INFORMATION SHOWN:
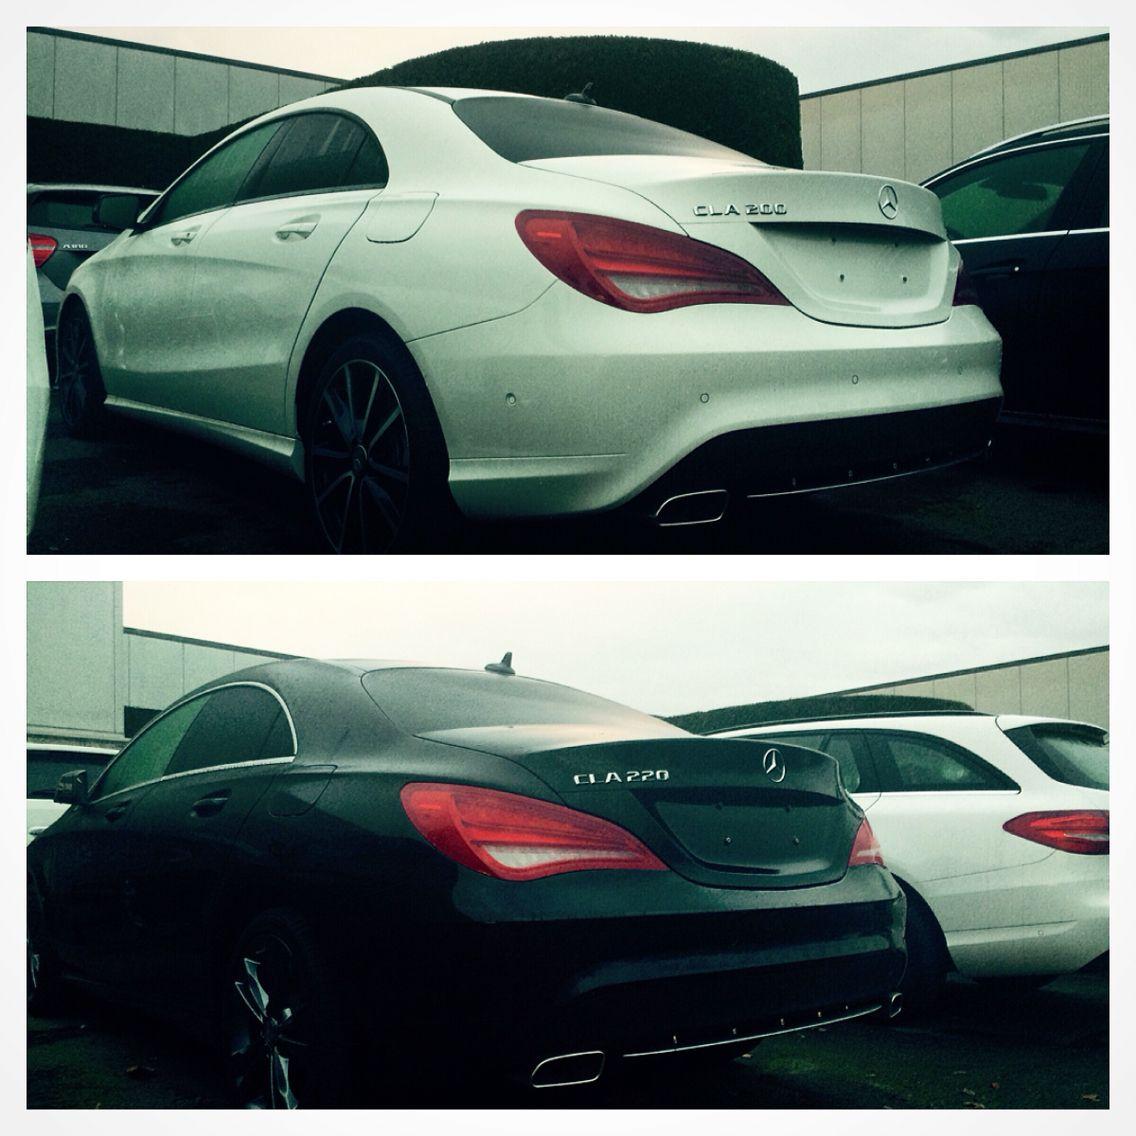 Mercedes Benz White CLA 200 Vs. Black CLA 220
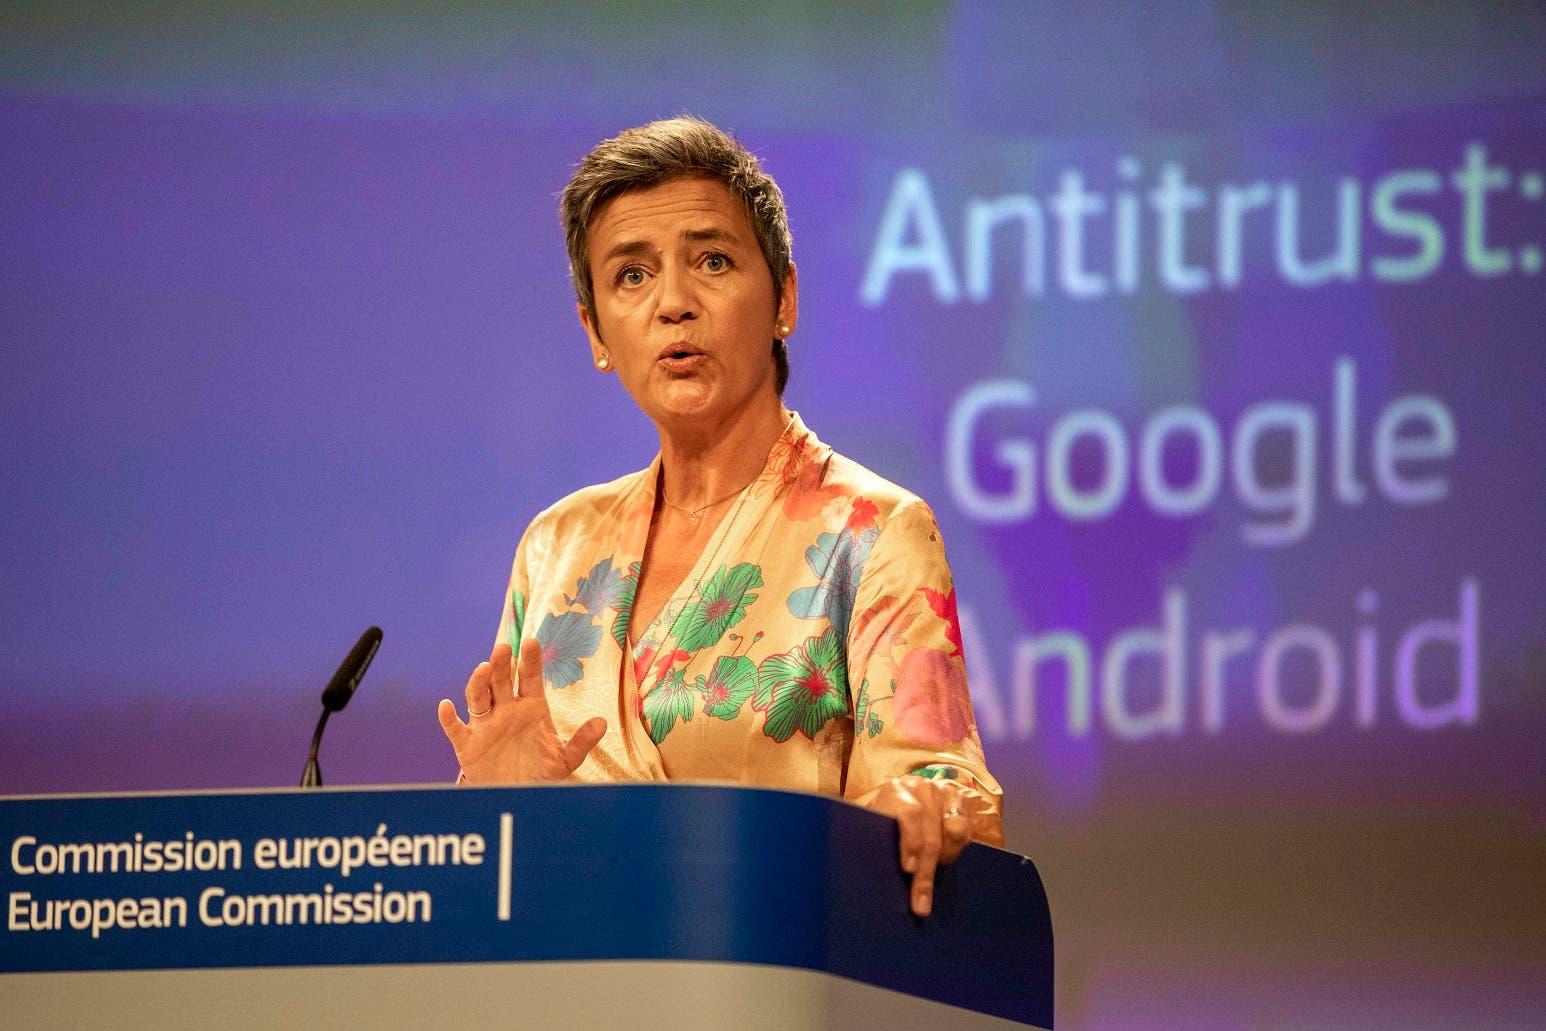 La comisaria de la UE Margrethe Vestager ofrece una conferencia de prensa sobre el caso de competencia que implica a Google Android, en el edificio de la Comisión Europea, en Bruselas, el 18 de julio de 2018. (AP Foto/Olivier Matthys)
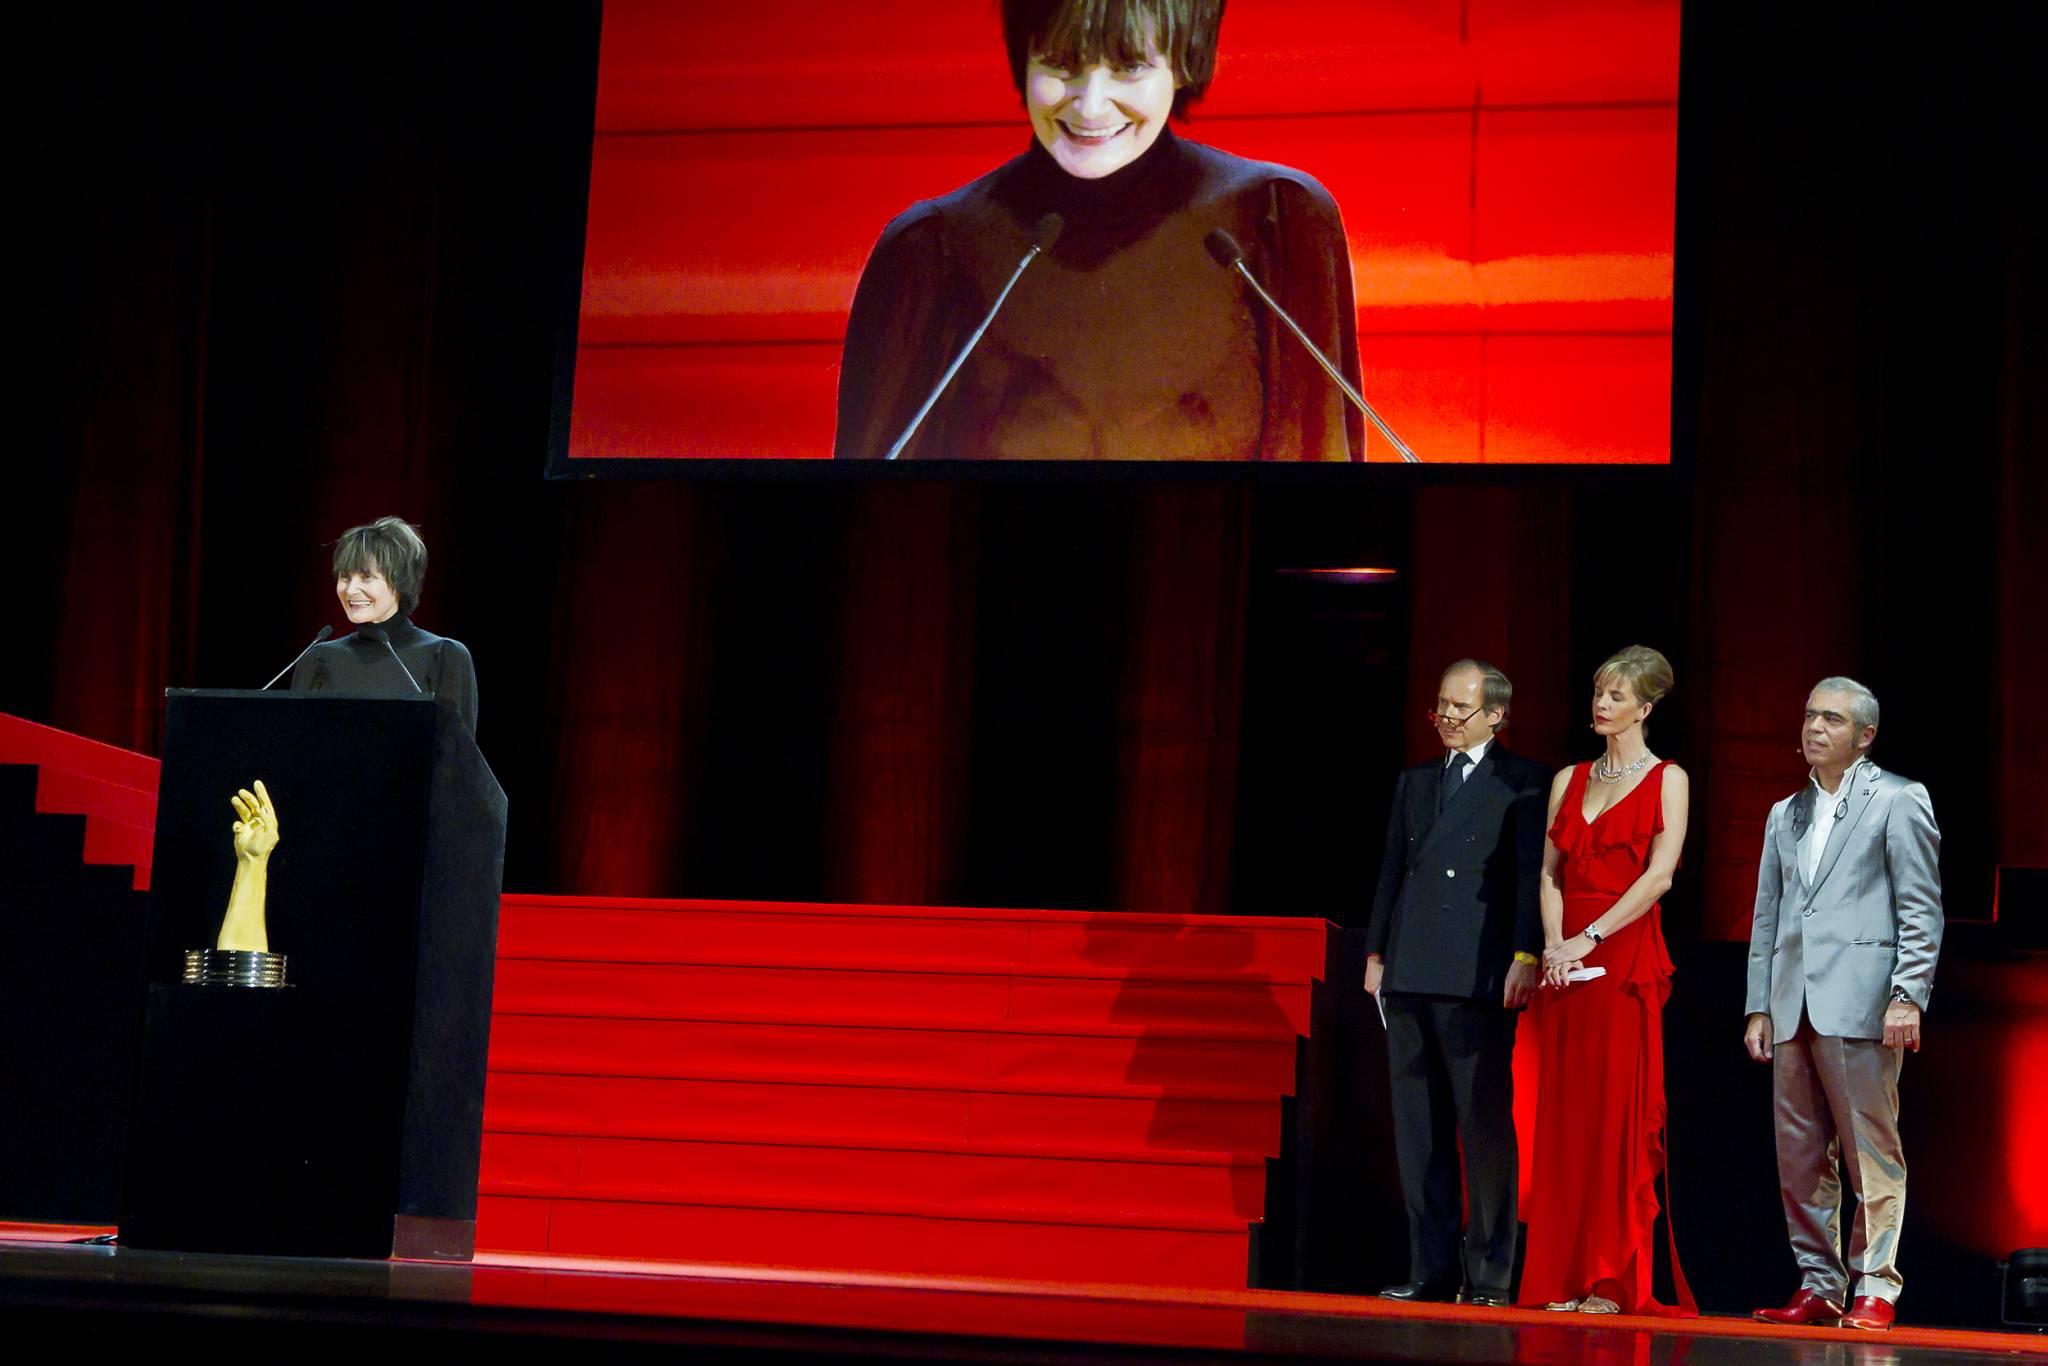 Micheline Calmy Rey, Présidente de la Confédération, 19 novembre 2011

WHAT THIS TASK INVOLVES:
Would you output the data exactly, without any of its images?

OUTPUT OF THE TASK:
 Mercedes Benz White CLA 200 Vs. Black CLA 220
 La comisaria de la UE Margrethe Vestager ofrece una conferencia de prensa sobre el caso de competencia que implica a Google Android, en el edificio de la Comisión Europea, en Bruselas, el 18 de julio de 2018. (AP Foto/Olivier Matthys)
 Micheline Calmy Rey, Présidente de la Confédération, 19 novembre 2011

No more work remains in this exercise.